## TASK DETAILS
Please reproduce exactly, and only, the lines from the one with "Black cotton Chase" through the last line of the listing below, both ends included, leaving out the pictures.

## DATA SEGMENT
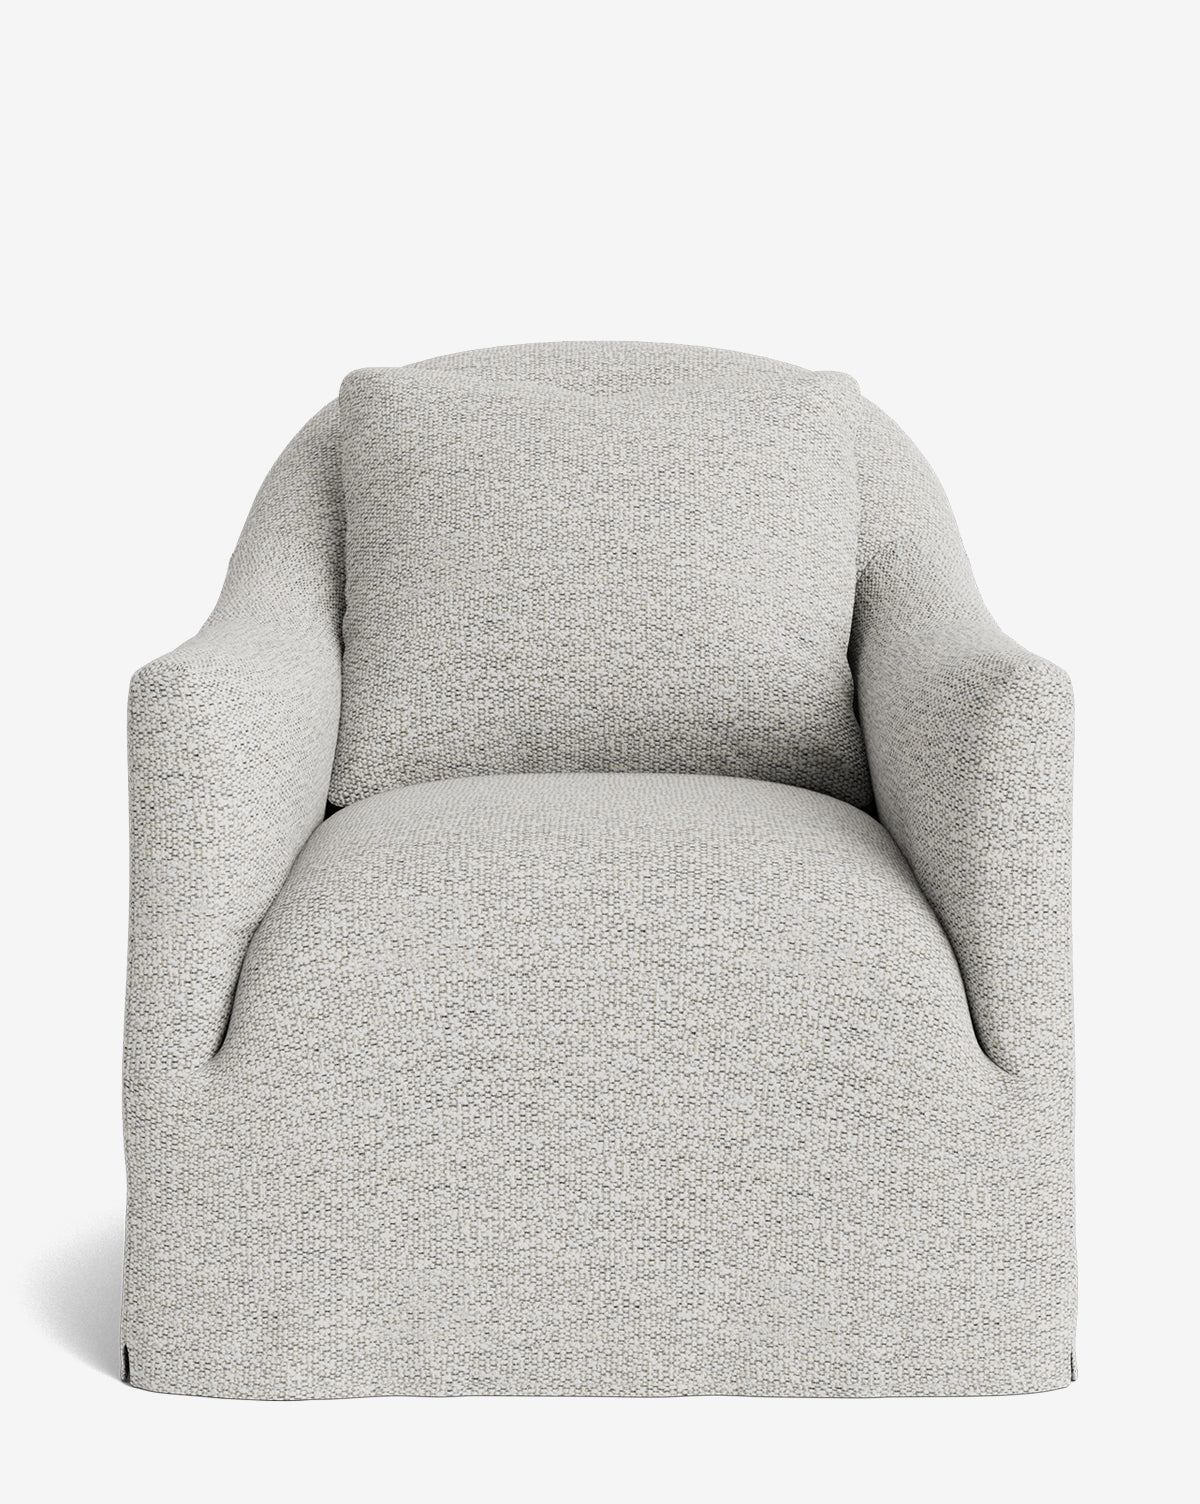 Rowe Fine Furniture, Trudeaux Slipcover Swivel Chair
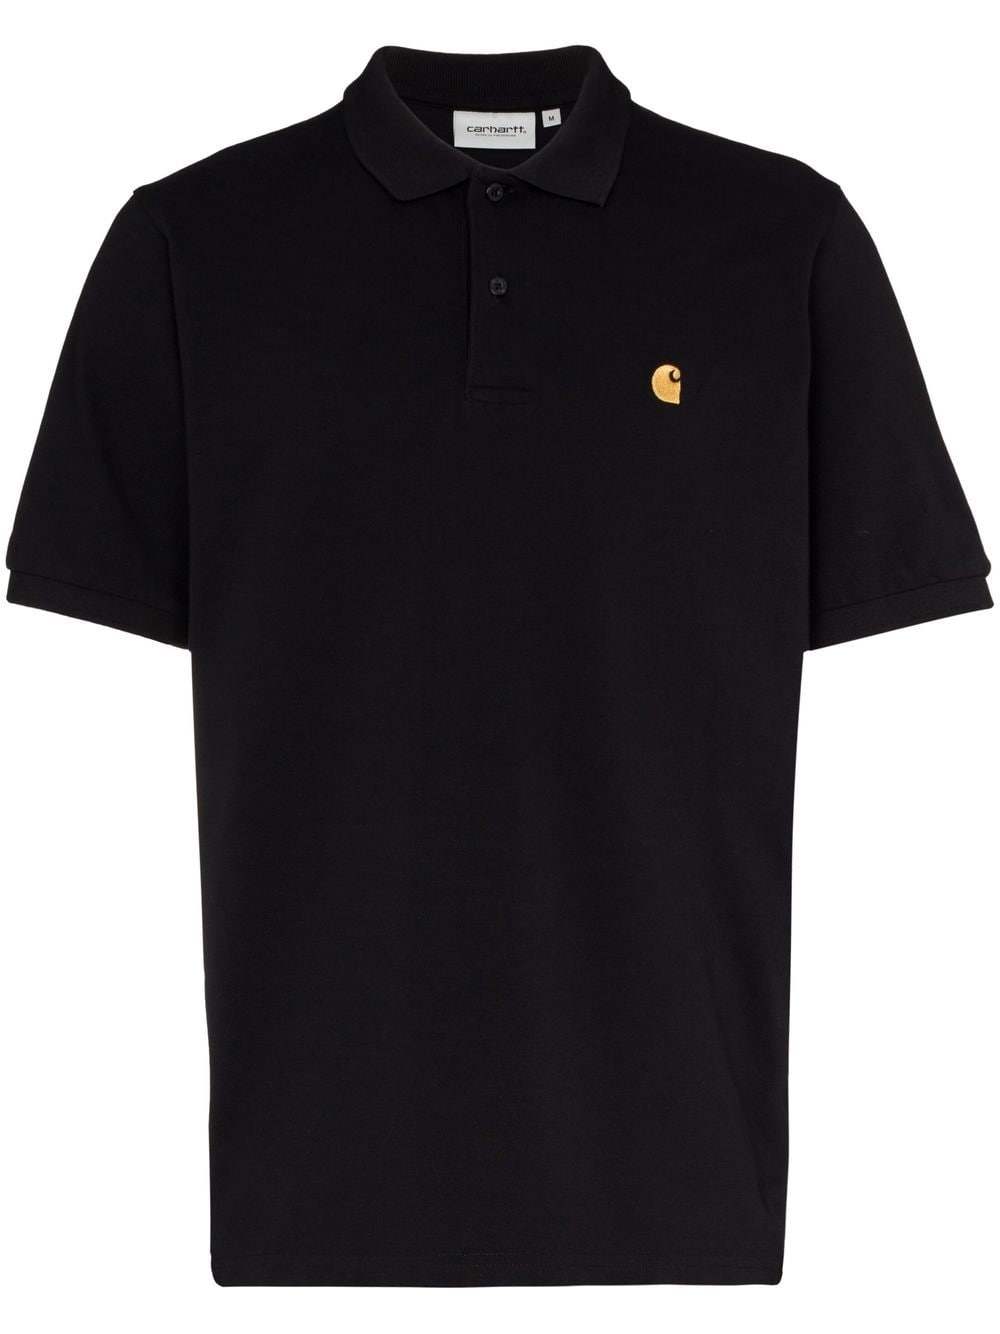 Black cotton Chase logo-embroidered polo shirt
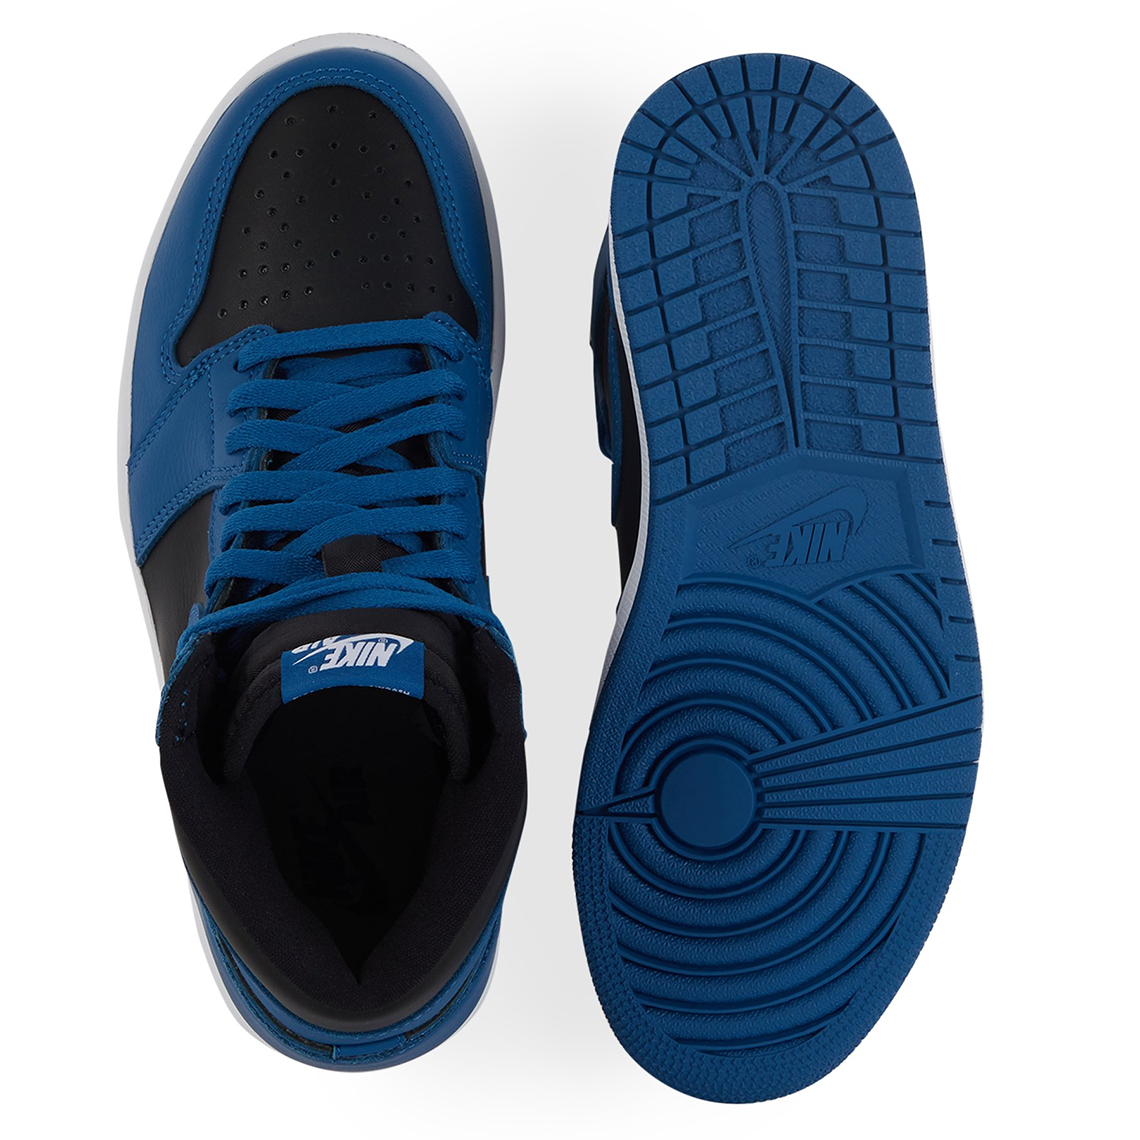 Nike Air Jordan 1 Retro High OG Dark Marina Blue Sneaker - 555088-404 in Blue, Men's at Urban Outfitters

## RESULT BELOW
 Black cotton Chase logo-embroidered polo shirt
 Nike Air Jordan 1 Retro High OG Dark Marina Blue Sneaker - 555088-404 in Blue, Men's at Urban Outfitters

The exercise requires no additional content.